# For The World Is Hollow And I Have Touched The Sky



## Water Bob (Jan 1, 2013)

I'm on a bit of a Star Trek kick lately, and I've been watching some of TOS remastered episodes. I just saw the one about the Fabrini worldship in the episode that shares its title with this thread.

Question: The Enterprise is drawn to the worldship because Kirk & Co. are tracking old-style chemical missiles that have been fired at the ship. The trail leads to the Fabrini worldship.

My question is: Why were the missiles fired in the first place? It makes no sense, given the rest of the episode.


----------



## Hand of Evil (Jan 2, 2013)

I would have to re-watch but I thought missiles were fired at it because it course would hit a planet.  That point became moot when it was found to be a ship.



> On stardate 5476.3, Dr. McCoy, the USS Enterprise's Chief Medical Officer, discovers he has a rare, incurable disease called xenopolycythemia and has only one year to live. At the same time, the sensors suddenly detect a set of ballistic missiles targeting the ship; however, the Enterprise quickly disposes of the primitive weapons. The missiles' point of origin is quickly determined, and the Enterprise approaches. It is a large asteroid called Yonada which is on a deadly collision course with the Federation world of Daran V, a planet with nearly four billion inhabitants. Unless a way is discovered to divert Yonada, the asteroid will destroy the planet in just over a solar year.
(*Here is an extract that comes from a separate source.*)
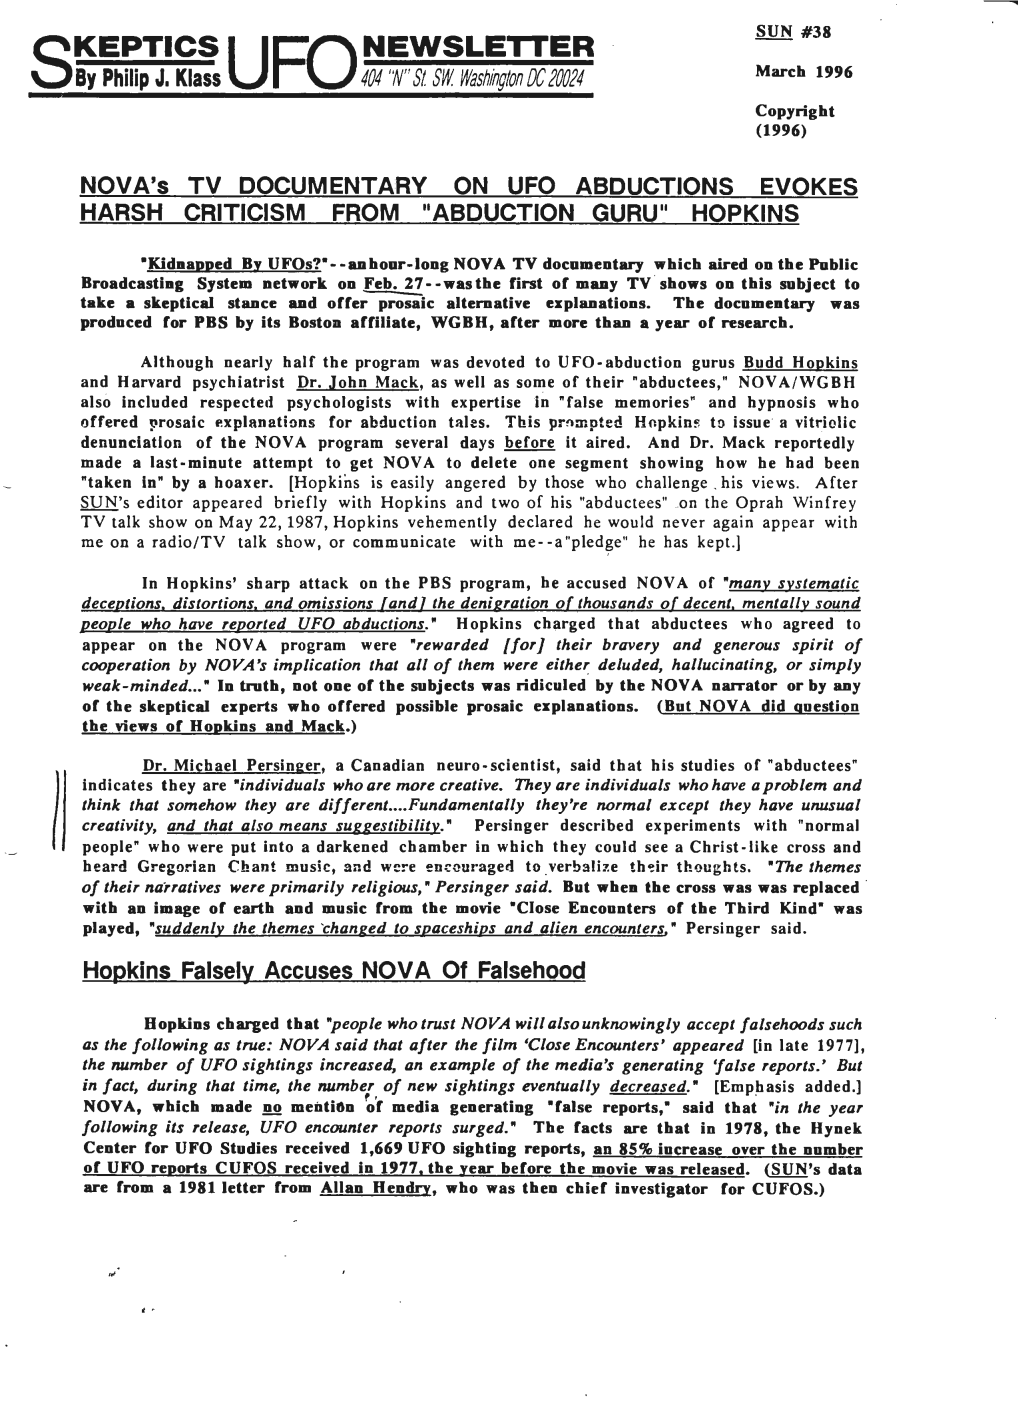 Skeptics UFO Newsletter -2- March 1996 HOPKINS DEMONSTRATES HIS

http://en.wikipedia.org/wiki/For_the_World_is_Hollow_and_I_Have_Touched_the_Sky


----------



## Water Bob (Jan 2, 2013)

The Enterprise definitely had to track the missiles to their source of origin.  But, there's a logical thought posted on another forum where I asked the same question:  The missiles were part of the worldship's auto-defense system.  So, although the Enterprise was at some range, maybe it was still close enough to trigger the launch.

Taking it a step further....maybe the Enterprise wasn't close enough, but close enough by the old, faulty standards of the world-ship's multiple-thousand year old sensors.

I'm wondering if James Blish tackled this in the novelization of the episode.

I also understand that Chris Bennett's _*Ex Machina*_ is a must read Star Trek novel that takes place just after TMP and features that episode.  Maybe it's addressed there.


----------



## Water Bob (Jan 2, 2013)

Random Thoughts....

I sure an enjoying these remastered Trek episodes. Man, take a look at the Constellation after the Doomsday Machine got threw with her.


























This is interesting. At the very beginning of the episode, The Doomsday Machine, for a moment, you see a yeoman cross the bridge. From the side angle, she looks like she's of Asian decent.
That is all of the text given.